People who just offhandedly think, "Oh, I don't want to be alive anymore" and are fine the next day are not really having suicidal thoughts. Suicidal thoughts stay with you for a while.



The fact that you cut, are pretty emotionless, and lay with the ibuprofen (which would most likely not kill you, just make you sick) shows that you should probably get some help.
blogivator
2011-11-26 17:13:33 UTC
Having had them myself, this is what I wanted... a quick painless death that will not make a mess and be a lot of trouble for the people that have to clean up, or cause anyone to find me and have nightmares



I'm not sure I should write this here, but this was my thought.



A black bin bag over the head and a bullet through the temple... near a place where people are used to dealing with death, (not going to be specific here)



Strange how the mind works... and this what depression can do.

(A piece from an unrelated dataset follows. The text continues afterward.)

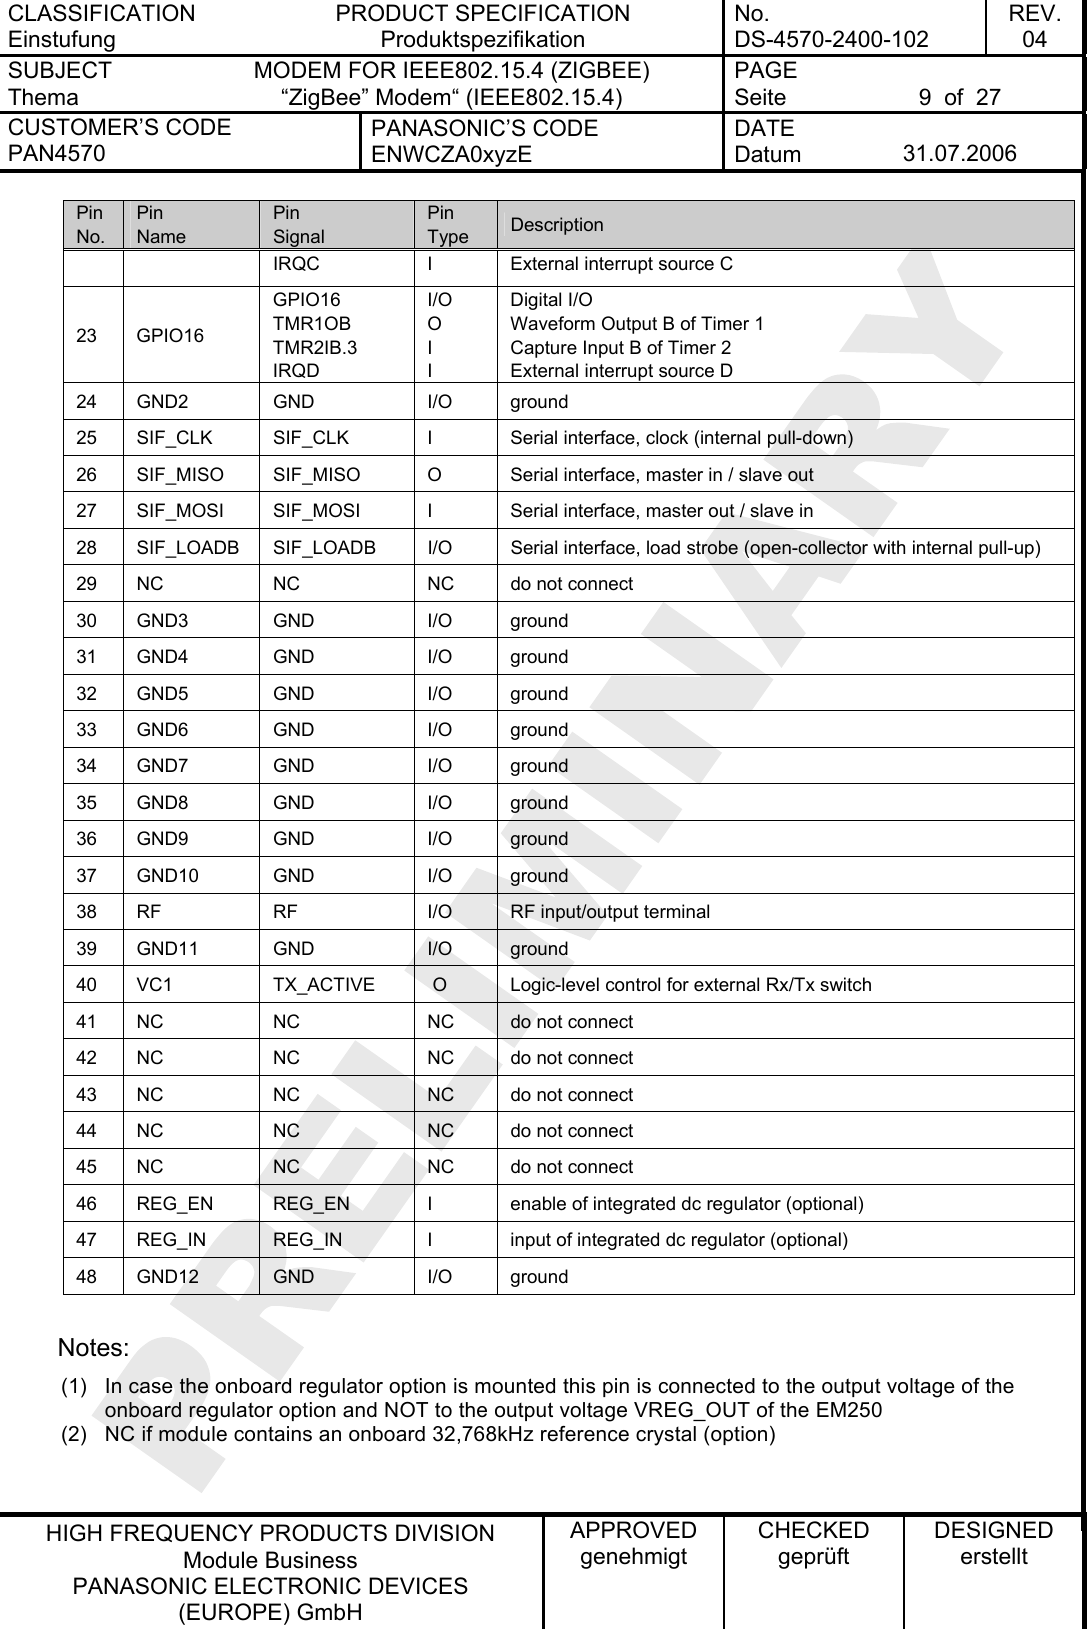 CLASSIFICATION Einstufung PRODUCT SPECIFICATION Produktspezifikation No. DS-4570-2400-102 REV. 04 SUBJECT Thema MODEM FOR IEEE802.15.4 (ZIGBEE) “ZigBee” Modem“ (IEEE802.15.4)   PAGE Seite  9  of  27 CUSTOMER’S CODE PAN4570 PANASONIC’S CODE ENWCZA0xyzE DATE Datum  31.07.2006   HIGH FREQUENCY PRODUCTS DIVISION Module Business PANASONIC ELECTRONIC DEVICES  (EUROPE) GmbH APPROVED genehmigt CHECKED geprüft DESIGNED erstellt Pin No. Pin Name Pin Signal Pin Type  Description IRQC  I  External interrupt source C 23  GPIO16  GPIO16 TMR1OB TMR2IB.3 IRQD I/O O I I Digital I/O Waveform Output B of Timer 1  Capture Input B of Timer 2 External interrupt source D 24 GND2  GND  I/O  ground 25  SIF_CLK  SIF_CLK  I  Serial interface, clock (internal pull-down) 26 SIF_MISO  SIF_MISO  O  Serial interface, master in / slave out 27 SIF_MOSI  SIF_MOSI  I  Serial interface, master out / slave in 28  SIF_LOADB  SIF_LOADB  I/O  Serial interface, load strobe (open-collector with internal pull-up) 29  NC  NC  NC  do not connect 30 GND3  GND  I/O  ground 31 GND4  GND  I/O  ground 32 GND5  GND  I/O  ground 33 GND6  GND  I/O  ground 34 GND7  GND  I/O  ground 35 GND8  GND  I/O  ground 36 GND9  GND  I/O  ground 37 GND10  GND  I/O  ground 38  RF  RF  I/O   RF input/output terminal 39 GND11  GND  I/O  ground 40  VC1  TX_ACTIVE   O  Logic-level control for external Rx/Tx switch 41  NC  NC  NC  do not connect 42  NC  NC  NC  do not connect 43  NC  NC  NC  do not connect 44  NC  NC  NC  do not connect 45  NC  NC  NC  do not connect 46  REG_EN  REG_EN  I  enable of integrated dc regulator (optional) 47  REG_IN  REG_IN  I  input of integrated dc regulator (optional) 48 GND12  GND  I/O  ground  Notes: (1)  In case the onboard regulator option is mounted this pin is connected to the output voltage of the onboard regulator option and NOT to the output voltage VREG_OUT of the EM250  (2)  NC if module contains an onboard 32,768kHz reference crystal (option)

I assure you this is absolutely true.
Emily
2011-11-26 17:04:44 UTC
A suicidal thought is seriously considering killing yourself. Not "I wish I would die." it's thinking how you could kill yourself, what people would think, and such. For example. "I really hate my life. There's knives right over there that I could just stab myself with and end everything." and not just thinking it but greatly CONSIDERING it. It's hard to describe! Haha :) I don't know what schizoaffective means lol but I'm not sure your therapist is helping... I think you need a new therapist. And when/if you get a new therapist, you need to tell her/him about the cutting. I understand you don't want to but sweetie trust me it is EXTREMELY important that you do! Cutting yourself COULD lead to serious thoughts of suicide. So please consider.